Wednesday, September 10, 2008

I miss california wine.

It's Fashion Week in New York, and the air is starting to chill. I'm excited to watch the seasons change, and at this current moment, I'm vowing to myself to blog more often. But I know myself well enough to be fairly certain my blogging patterns will remain rather consistent. I'm good for awhile, then shitty, then I totally forget... then I get all excited about it and the circle continues. Right now I'd really like to see the leaves turn in Central Park. If not before then, I know I'll have to blog about that. I'm so excited to watch the weather change. I'm excited about hats and scarves and gloves.

Today was a thoughtful day, sometimes I retreat into myself to find my way. Today was one of those days. "Some days when I'm far away in a lonely room in a cold seclusion" ...... It's interesting to me that I think in music.

Let me explain that.

Almost every significant person or event in my life corresponds to a song. Listening to lyrics will often bring an emotion or a memory to the surface in the same way a familiar smell can do. It's full and fast, and in one quick moment, I'm back in old shoes. Lyrics sometimes explain to me a thought I couldn't fully articulate to myself or to someone else, if they'll listen. I have used lyrics and songs and mix cds to communicate my whole life. Recently, as I get older, I have noticed that I'm not the only person who does that, and I get along best with others who have the same kind of relationship with music. And, the part about that which strikes me as most odd, is that some of those people don't know that's who they are. Some people can be taught to communicate in music, or the comprehend it but they don't speak it. This is all just my late night reflective observation, mind you, so it's likely to be corrupted by fatigue.

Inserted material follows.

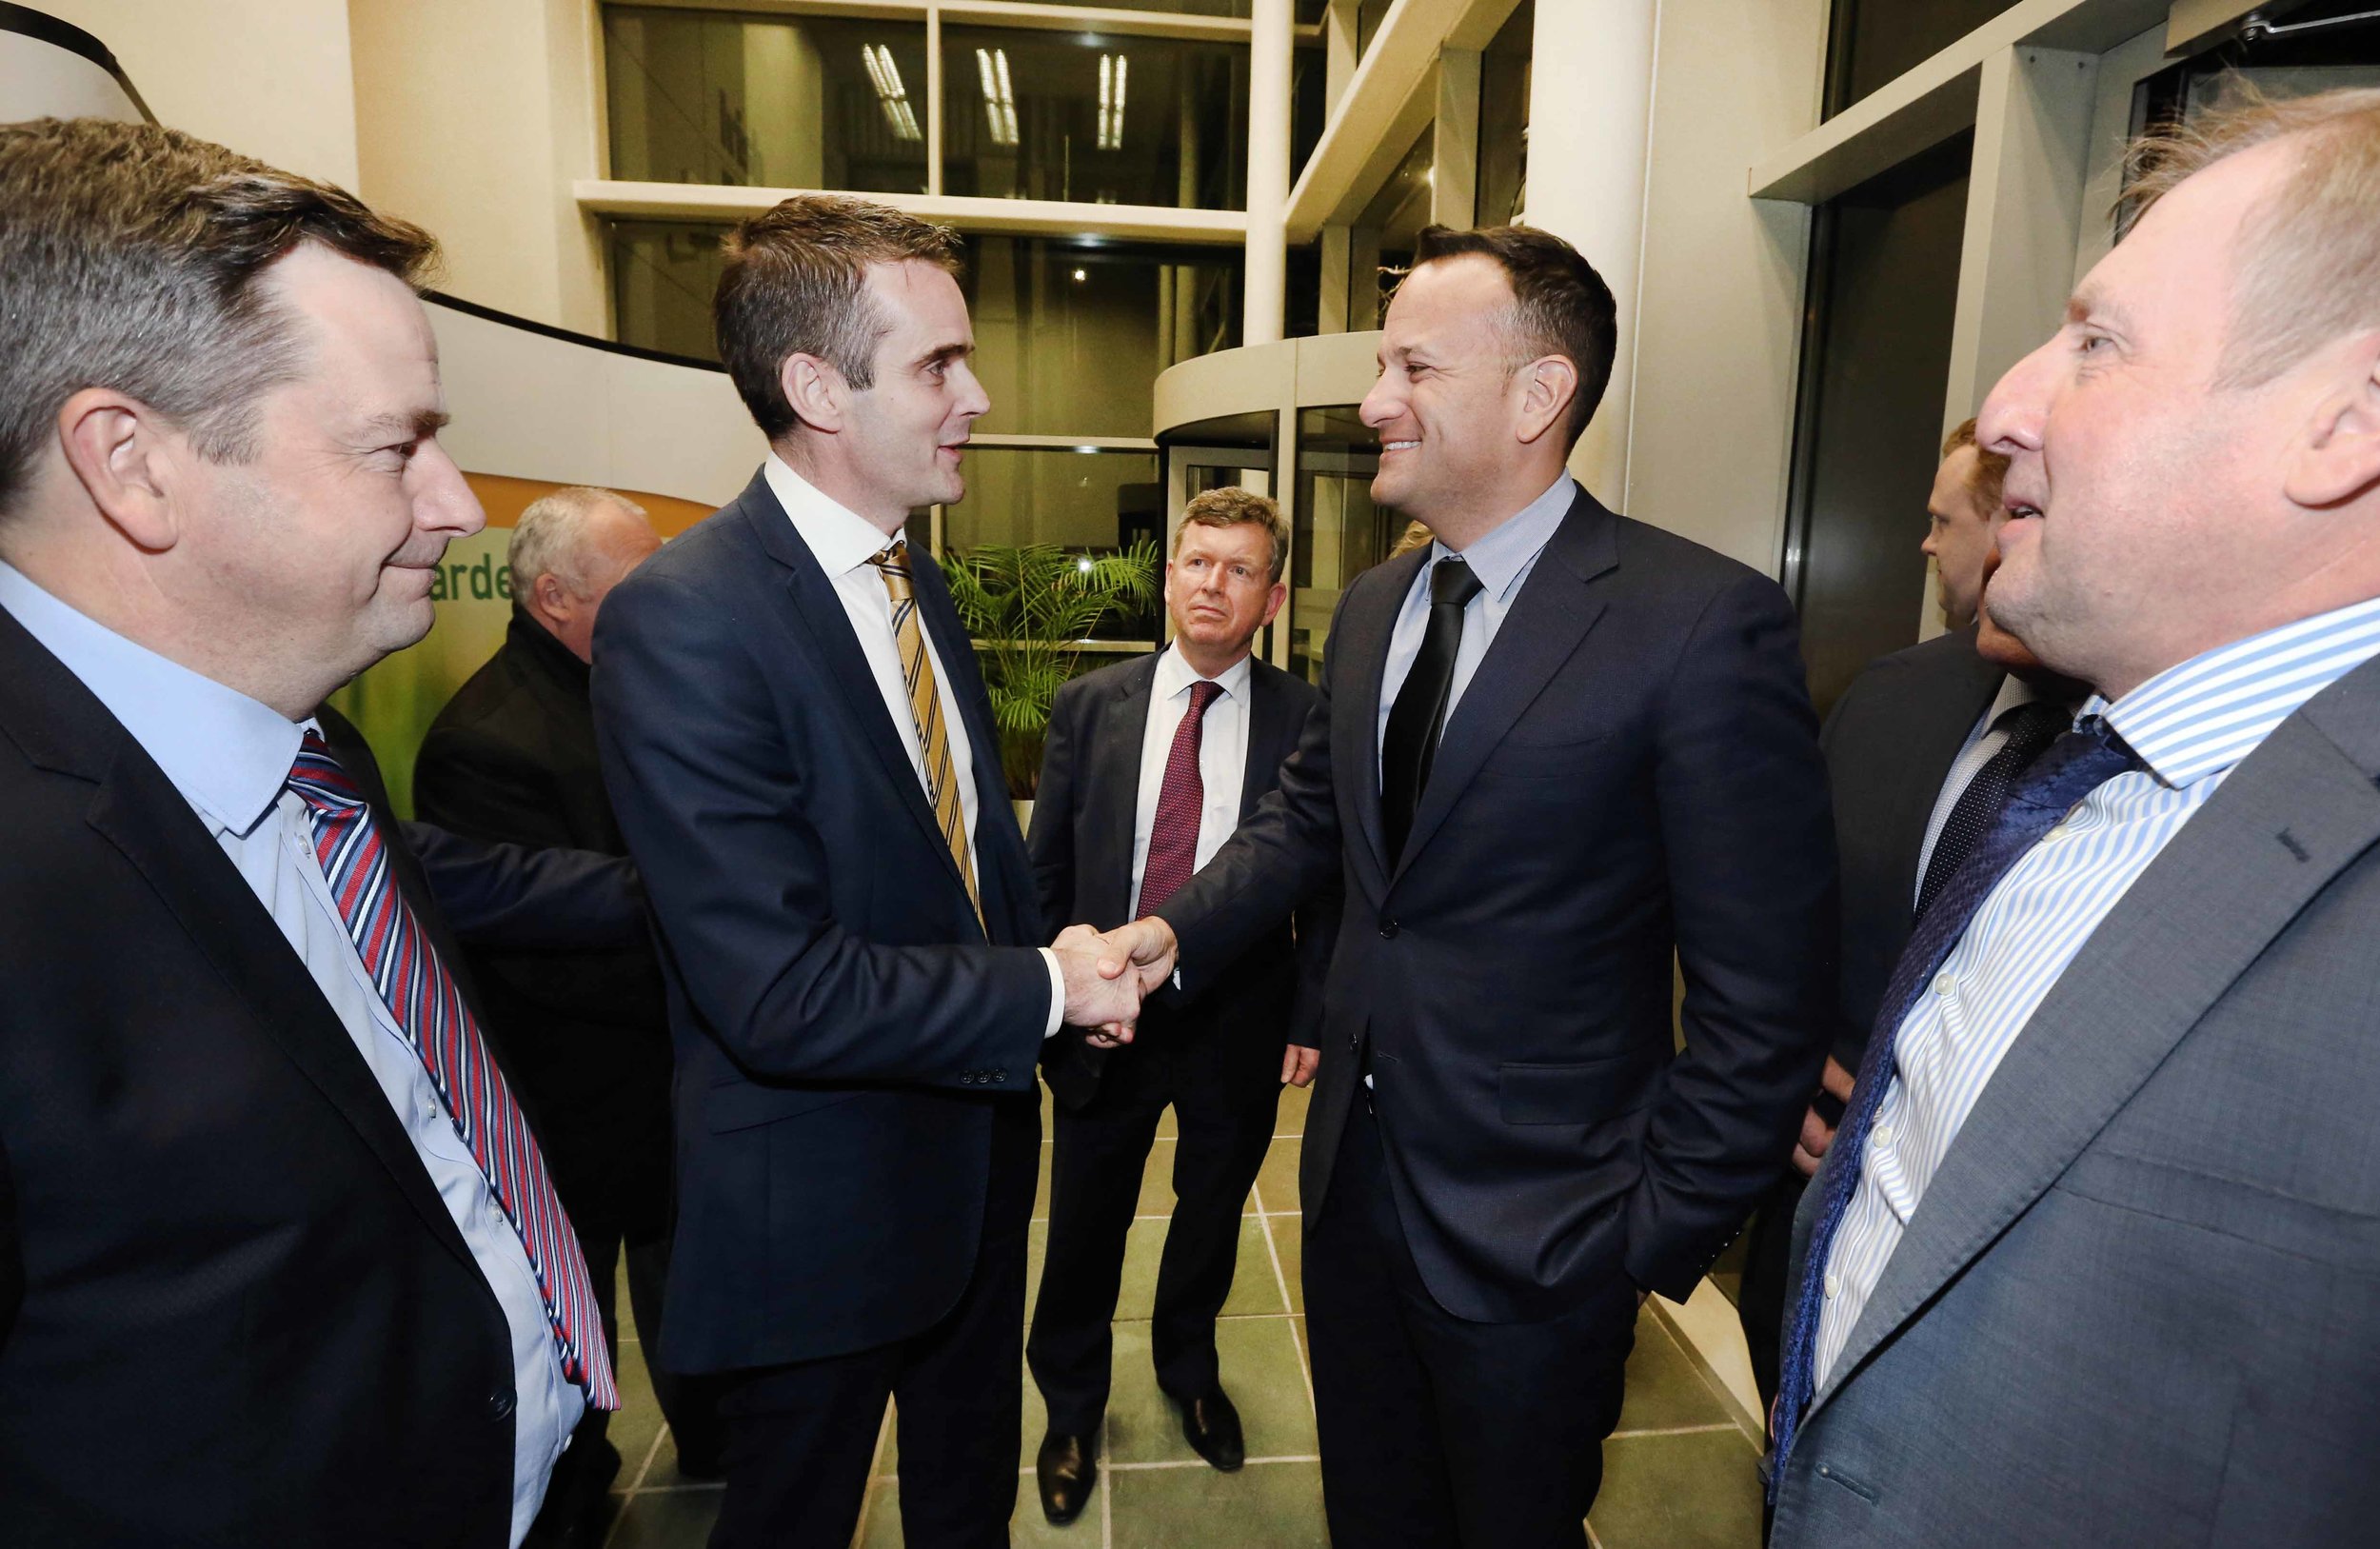  IFA President Joe Healy greets Taoiseach Leo Varadkar to the Farm Centre, flanked by IFA General Secretary Damian McDonald and Ministers for Agriculture Michael Creed.

I'm going to be a person who can let go. I'm so close. I can taste it. Fully aware that the fact that my inability to move on from love, anger, heartbreak, etc, is my greatest weakness -- I have made it a mission to destroy it. I'm doing a damn good job. Really, when you think about it, most things that ruffle your feathers aren't worth holding on to. A good ruffle or a bad, 9 out of 10... not really worth it in the long run. Only hold on to the events that shake you, change you... the big deals. It's also totally ok to laugh at yourself, with others at yourself, and at others who can't laugh at themselves. Those things are all funny.

3:13 am -- a totally indecent hour, but totally worth getting some thought on paper.

Billy Joel is a genius, by the way. And check out "This is the Life" - Amy MacDonald.... she's amazing too.

nite
L



ps.

Some people stay far away from the door if there's a chance of it opening up
They hear a voice in the hall outside and hope that it just passes by
Some people live with the fear of a touch and the anger of having been a fool
They will not listen to anyone so nobody tells them a lie.

I know you're only protecting yourself
I know you're thinking of somebody else
Someone who hurt you... but I'm not above
Making up for the love,
you've been denying you could ever feel
I'm not a above doing anything to restore your faith if I can

Some people see through the eyes of the old before they ever get a look at the young...
I'm only willing to hear you cry because I am an innocent man.

Again, Billy Joel, ladies and gents... a genius. I'm just saying.